---------- RECORDS SUPPLIED

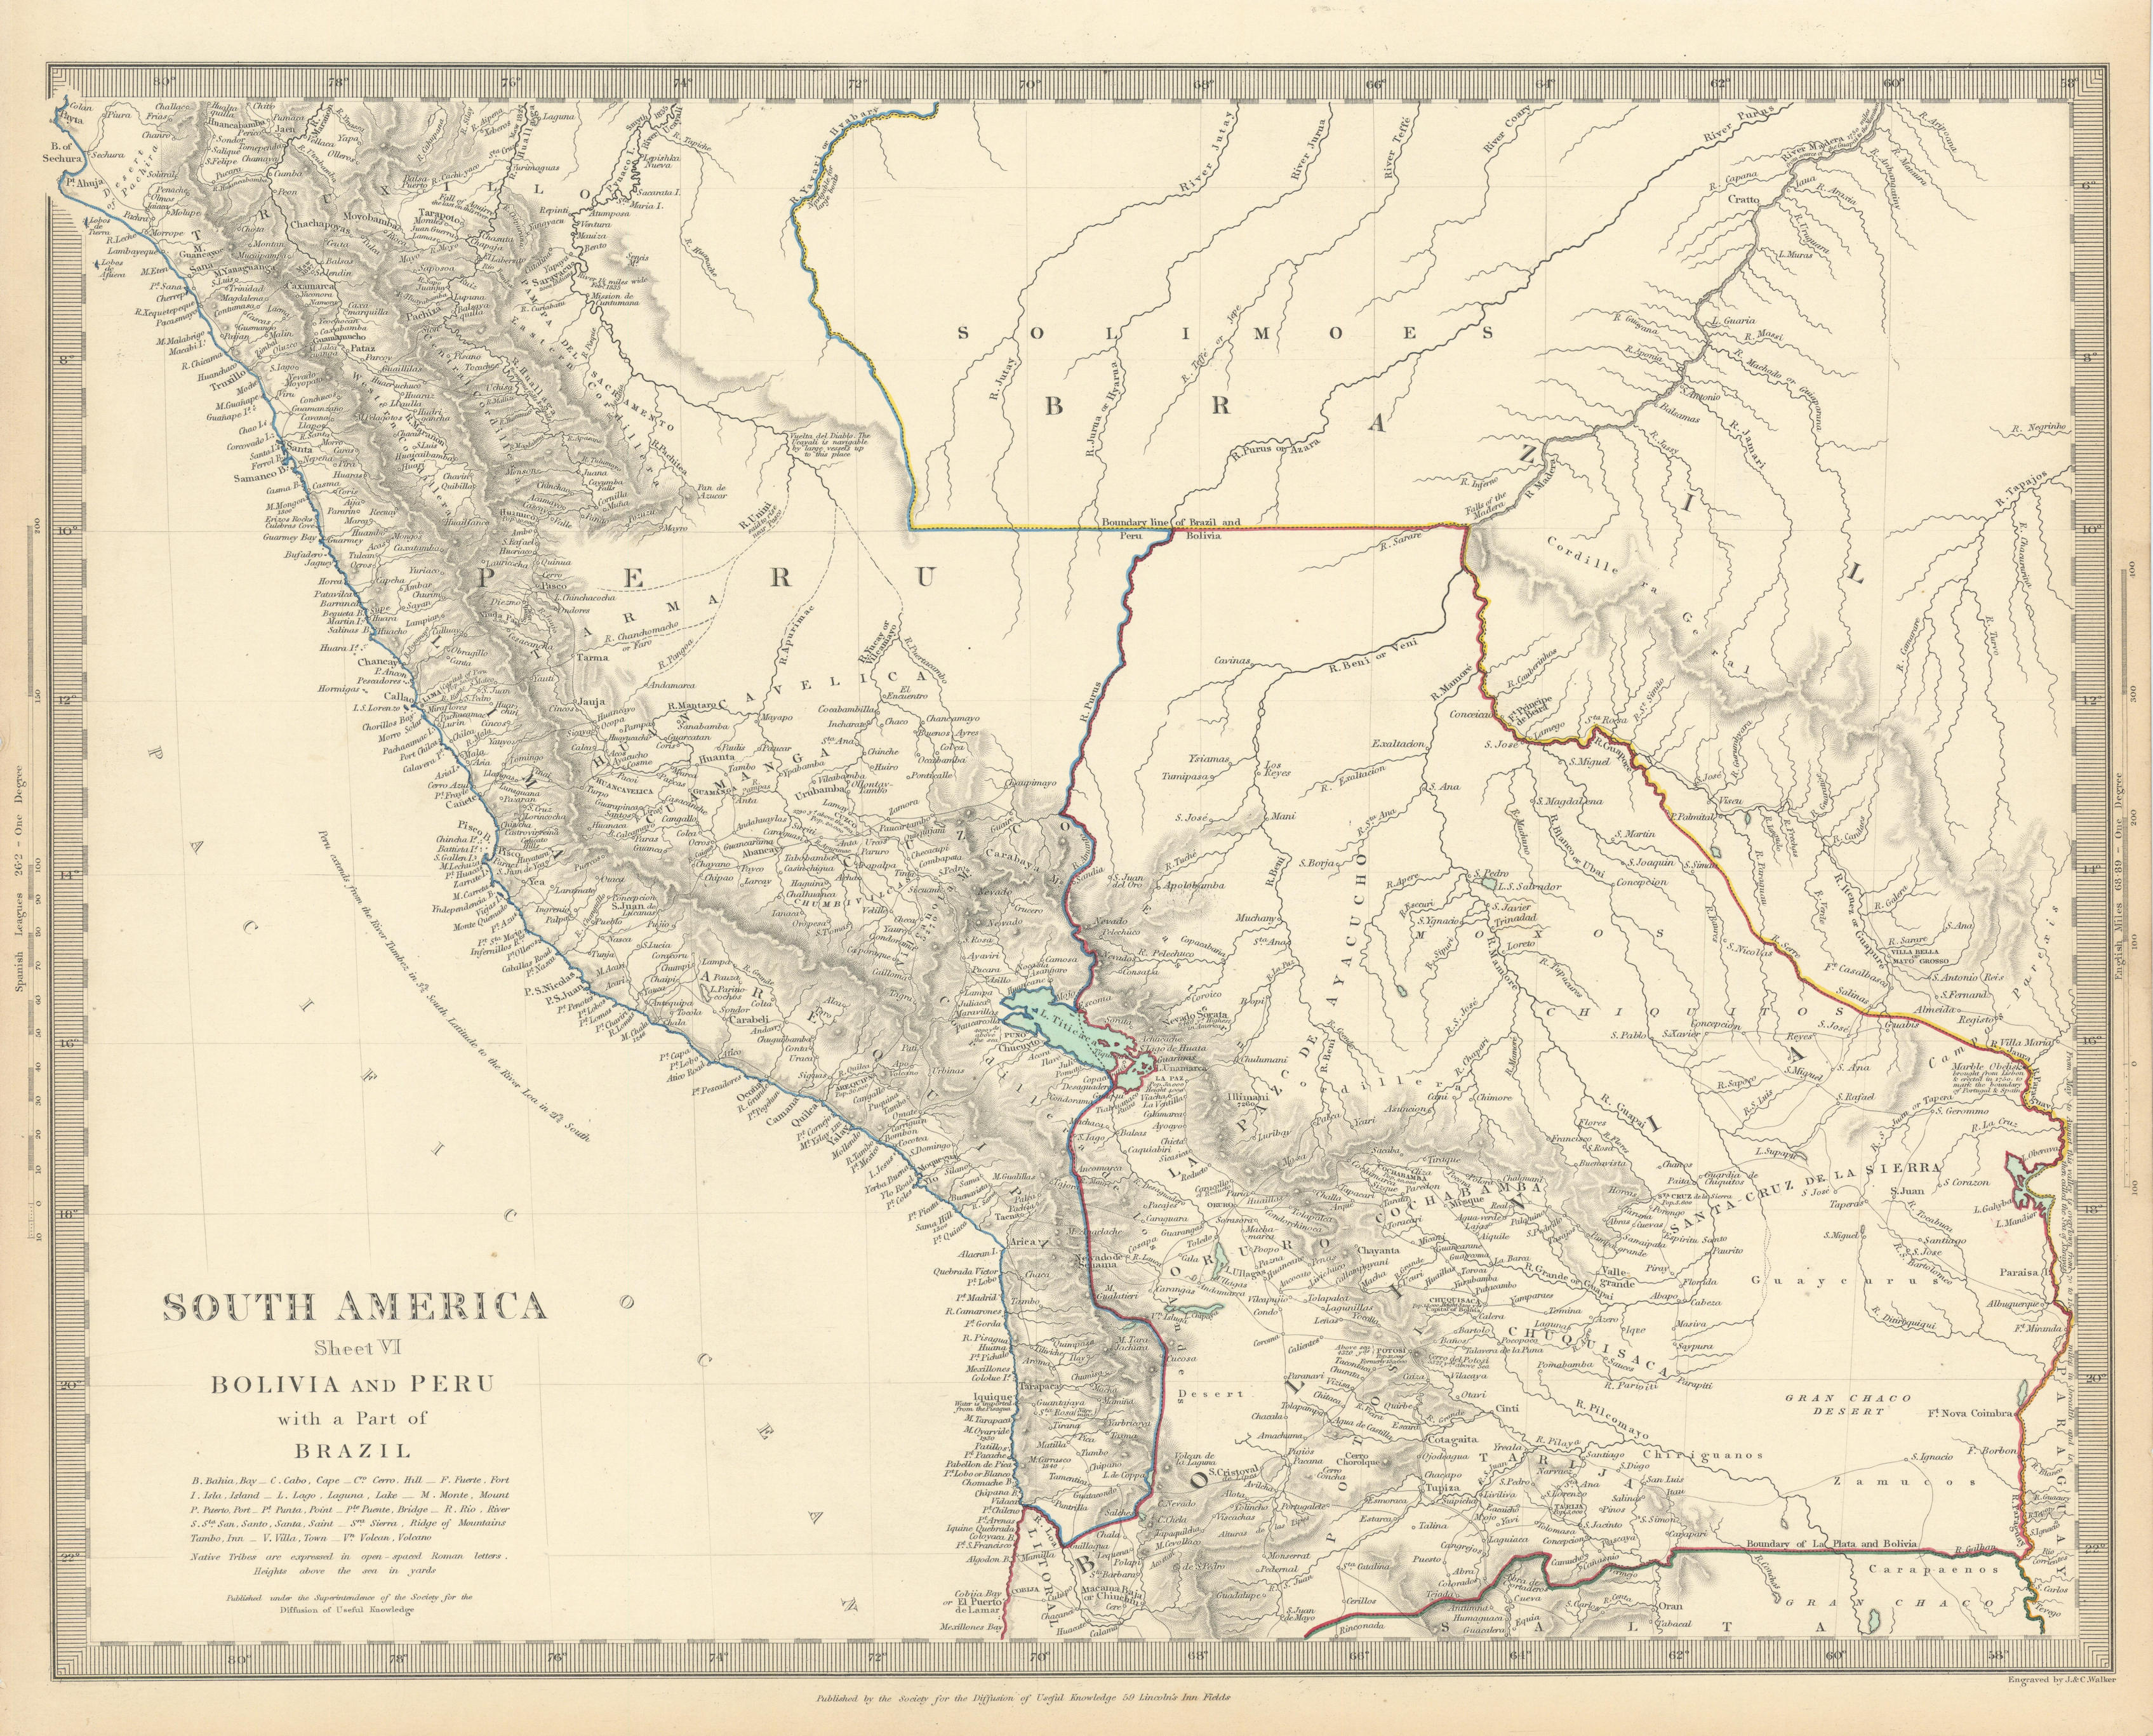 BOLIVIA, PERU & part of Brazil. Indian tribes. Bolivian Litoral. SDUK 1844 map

--------------------
---------- RECORDS SUPPLIED

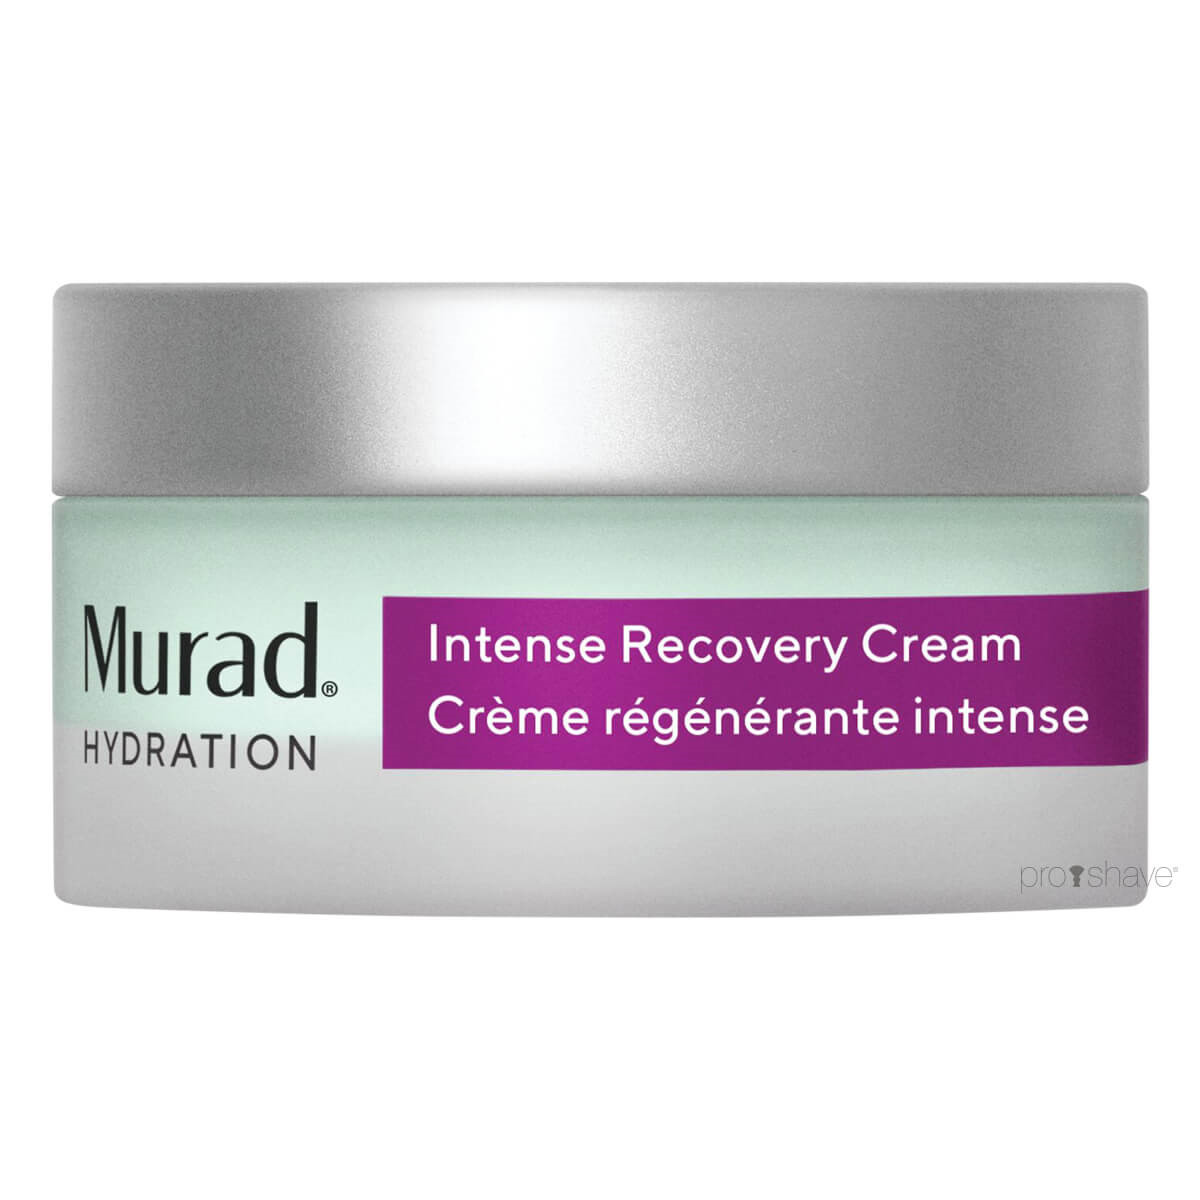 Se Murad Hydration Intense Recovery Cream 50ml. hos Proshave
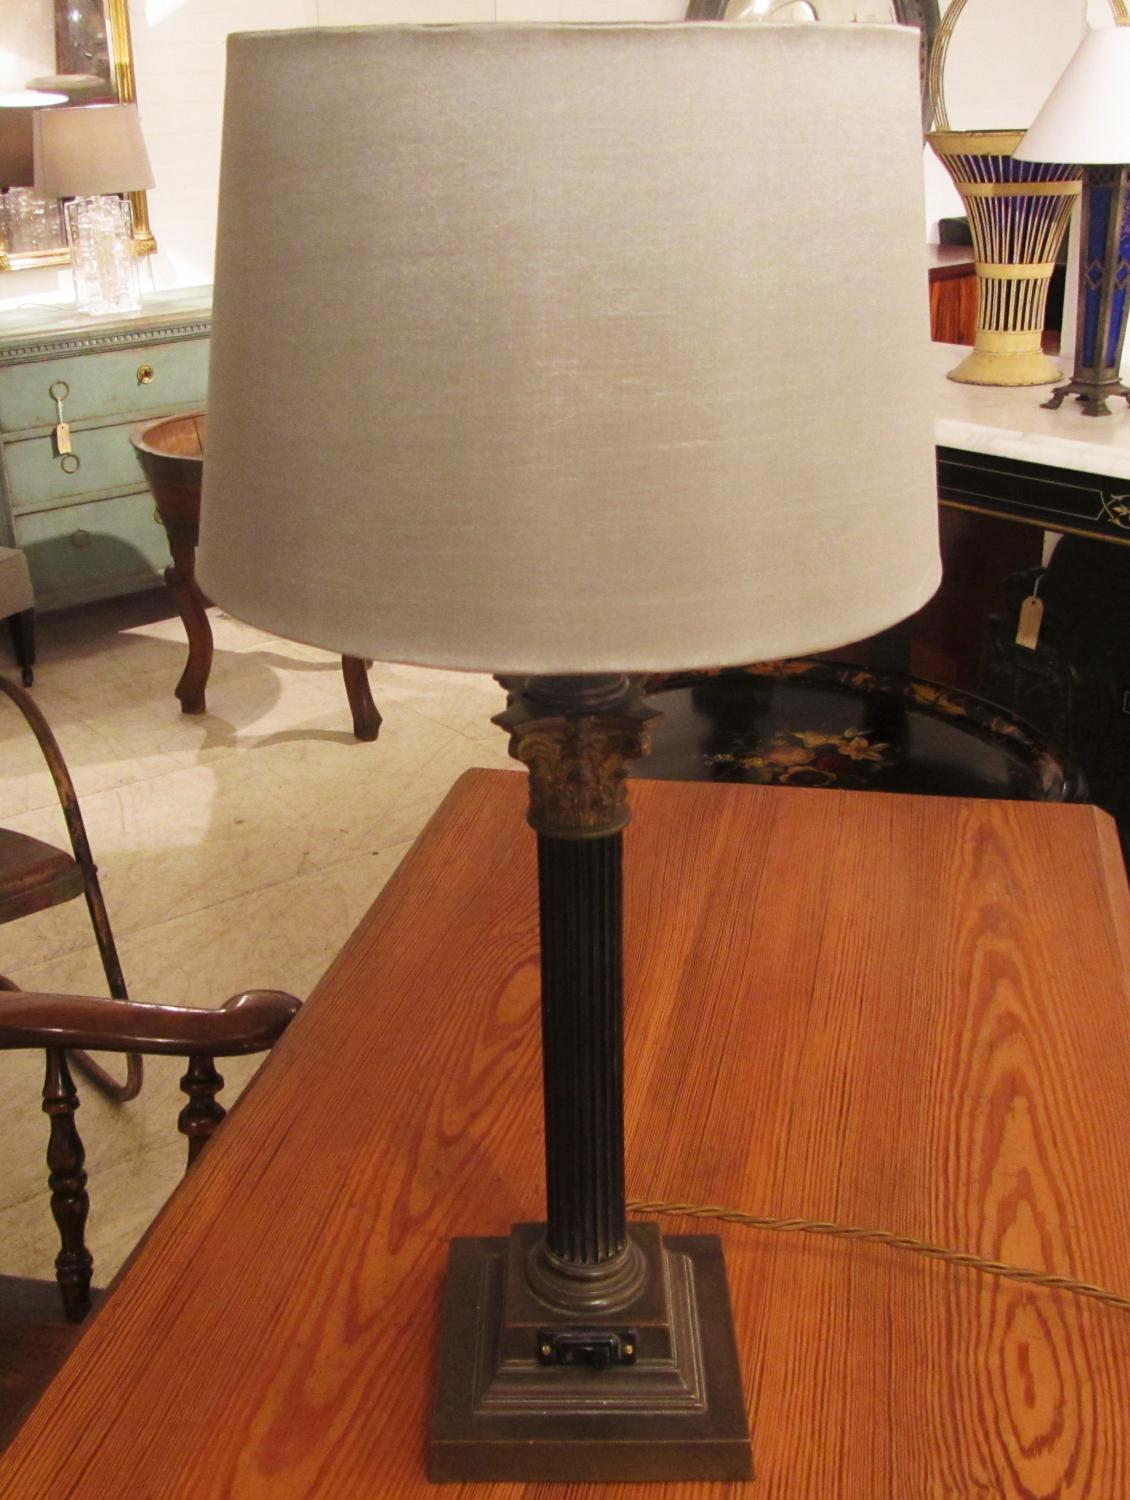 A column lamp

--------------------

EXERCISE PROMPT =
Beginning at the line that has "Se Murad Hydration" and ending at the line that has "A column lamp", restate the listing above word for word, pictures left out.

TASK ANSWER =
 Se Murad Hydration Intense Recovery Cream 50ml. hos Proshave
 A column lamp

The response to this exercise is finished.